Willard Van Orman Quine, 1908--2000

07 Mar 2001 10:43

American logician and philosopher; perhaps the most eminent analytical philosopher of the late 20th century; a student of Whitehead, and largely in the spirit of the Logical Positivists, with a good dose of pragmatism mixed in; teacher of Daniel Dennett (whom I hope to see become the most eminent analytical philosopher of the early 21st century).

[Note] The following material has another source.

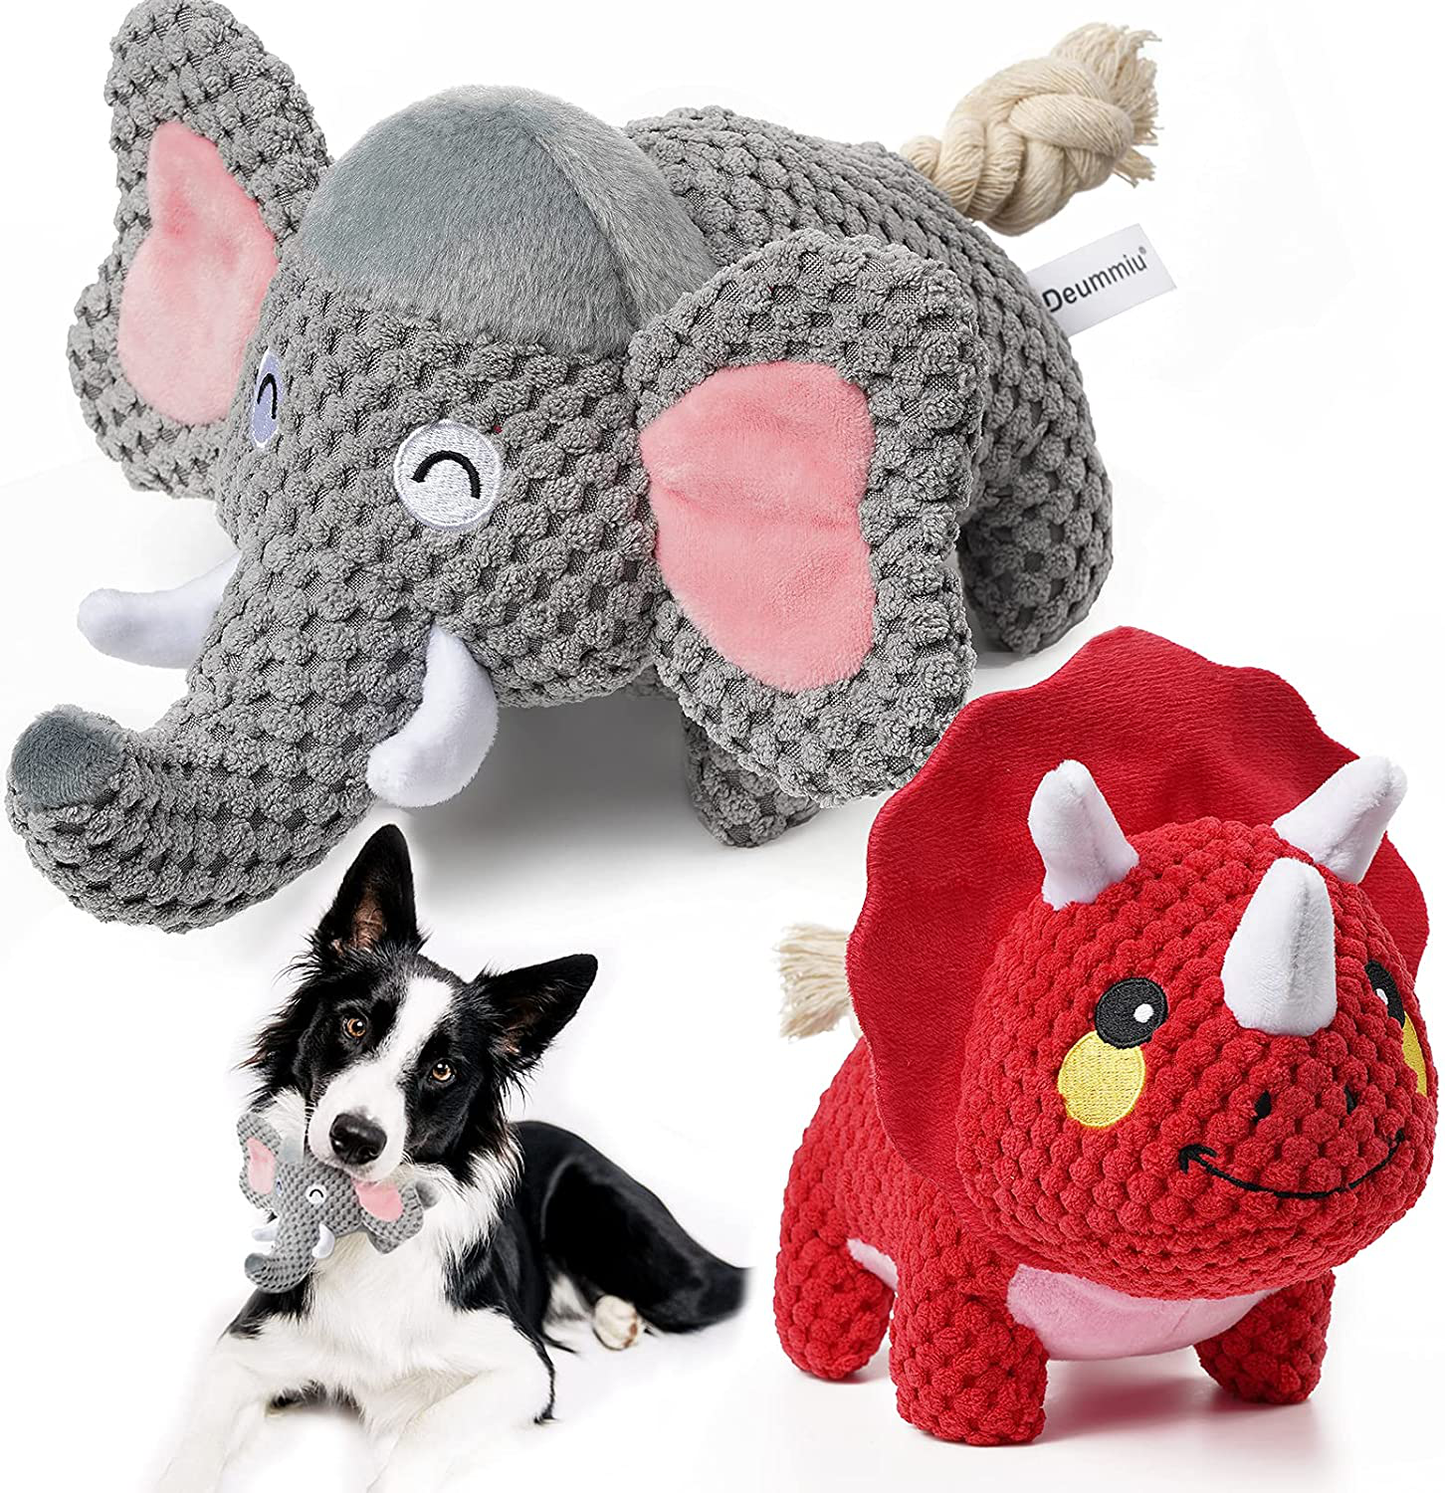 Deummiu Dog Toys,2 Pack Squeaky Plush Dog Toys with Crinkle Papper Cute Stuffed Puppy Toys for Small Medium Large Breed Animals & Pet Supplies > Pet Supplies > Dog Supplies > Dog Toys Deummiu

Quine's logical armamentarium was unrivalled, and he deployed it on behalf of some of the most peculiar notions one could hope to run across, such as the infamous Quine-Duhem thesis (that no theory can ever be refuted). This tendency led Dennett to coin the verb "to quine", meaning "to deny a distinction others feel to be obvious." Quite unfairly, he supplemented his logical artillery with rhetorical sappers, in the form of one of the most elegant prose styles ever to flow from the pen of an American author; he could be a character in Jack Vance. He calls to mind excruciatingly formal suppers from ages now past when the fish-knife was de rigueur and where a scandalized hush would greet any lapse of punctillio. Or rather, one of the exceedingly refined diners at those suppers, for whom the proper use of the fish-knife is automatic, second nature and almost first; for one of the qualities of Quine's writing is that he makes everything, not least his minute clarity and precision, seem easy, obvious and spontaneous. (Try doing this talking about anything in the world, never mind the concept of "ordered pair".)

For all that, it's astonishing how long it can take me to finish one of his books. --- My brother would be very upset if I neglected to mention that Quine went to Oberlin.